As the above exchange illustrates, the people working at CVRTAIN are extremely nice. They welcome you in, explain what’s going to happen, and guide you around like you’re a star. And really, you are. CVRTAIN is a VR experience in which you put on a headset and stand center stage in a huge theater in front of an audience of thousands. The theater and audience are virtual, but your actions, aided by two sensors that act as hands, produce seemingly real responses. A curtsey for the audience – nothing. A rousing wave of the hand – thunderous applause. For the approximately five minutes that I stood before them, I got to explore what would elicit what. I also got to experience the stage fright I always feel if I have to do things in front of a large group of people. I knew my virtual audience wouldn’t really be judging me, but I also knew there were actual human beings who might, including the employee who had put my headset on and handed me my hands. So my gestures ended up being small. The employee still treated me like a star afterwards. He said he loved how gentle I was. It made me feel a little better.

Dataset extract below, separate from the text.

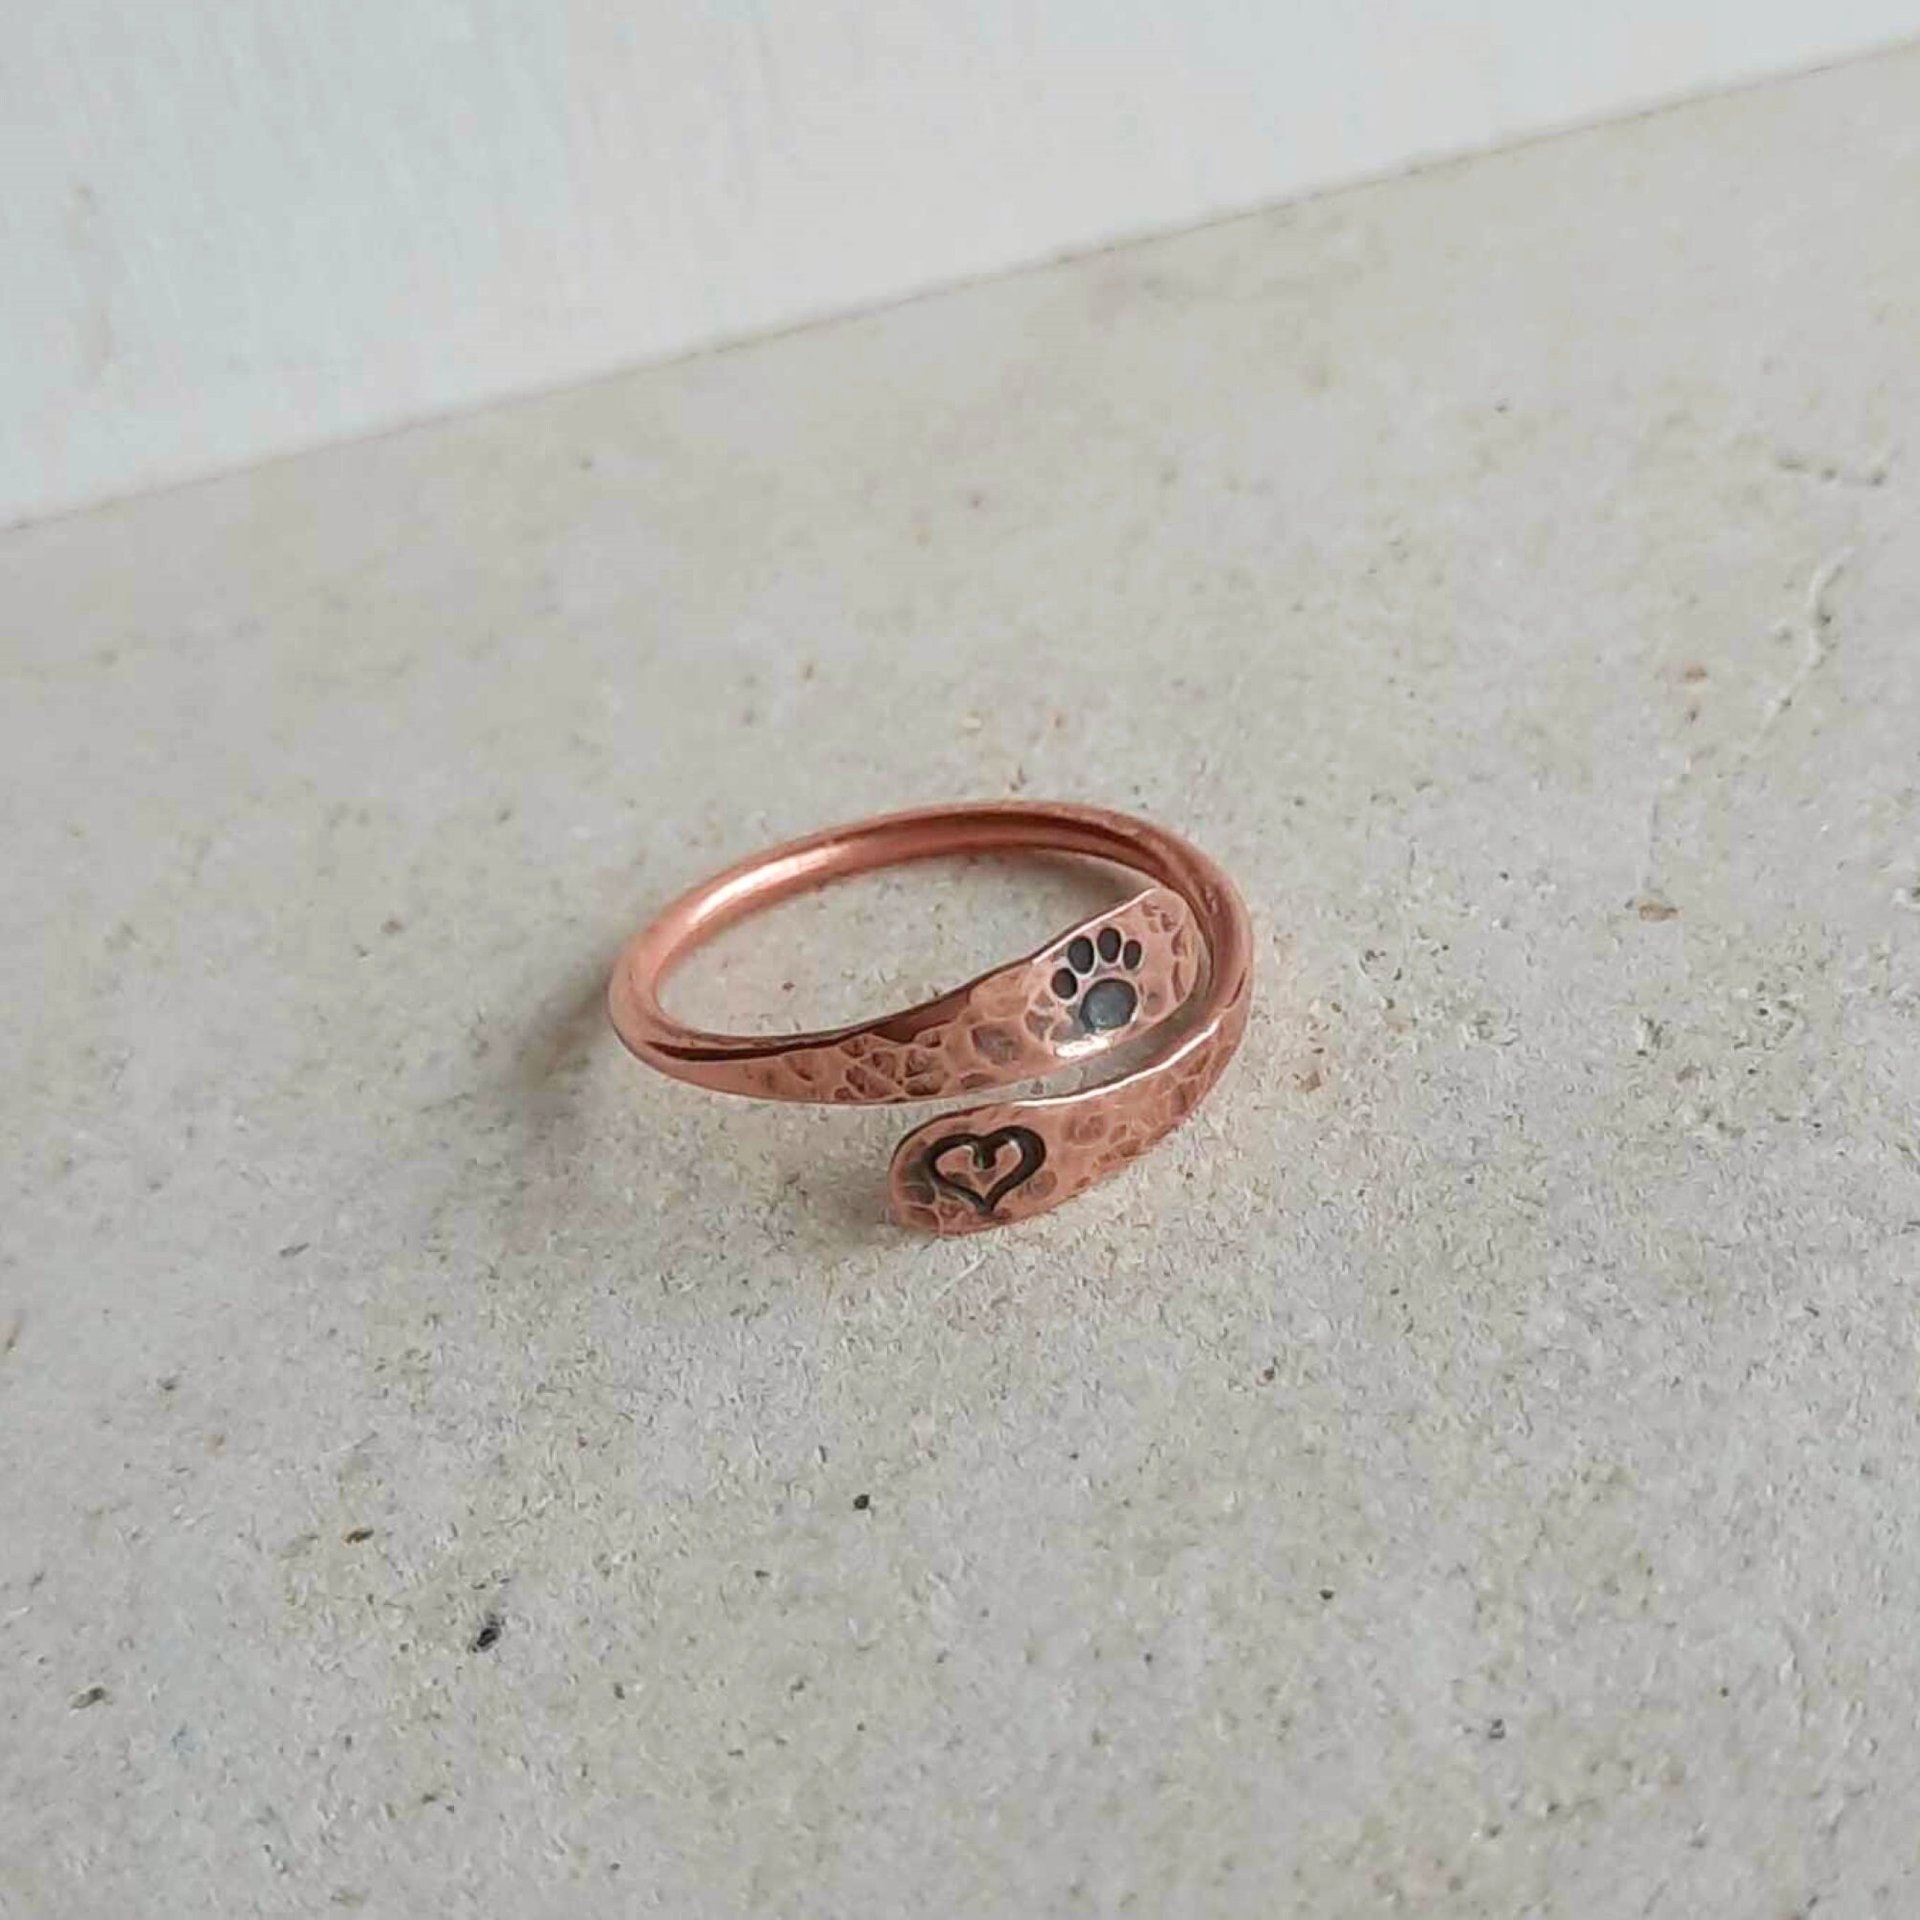 Handstamped copper paw print and love heart adjustable wraparound band ring, artisan made by The Tiny Tree Frog Jewellery

Then it was my friend’s turn, and it was astounding to watch from the other side. We’re encouraged to walk around and watch the others going through the experience—there are three theater-like booths and so up to three people to watch at any time. In the simulation, a virtual curtain had parted to reveal my virtual audience. When I watched my friend, I was surprised to learn that an actual curtain parted to reveal her, too. She was presented like an actor, and she had a real audience in addition to her virtual one. My friend is a performer and was much less gentle in her movements than I knew to be, and I heard how well her audience reacted to her bolder presentation. And then I got to see how she reacted to their reactions—thinking she was alone with these unreal people, her reactions were so unedited and free. It was riveting to watch strangers, too, to see what a range of people would do when they were on an obvious fake stage and a less obvious real one. I was a voyeur without consequence, seeing people trying out a technology often new to them, all of us stepping into roles with which we were not familiar.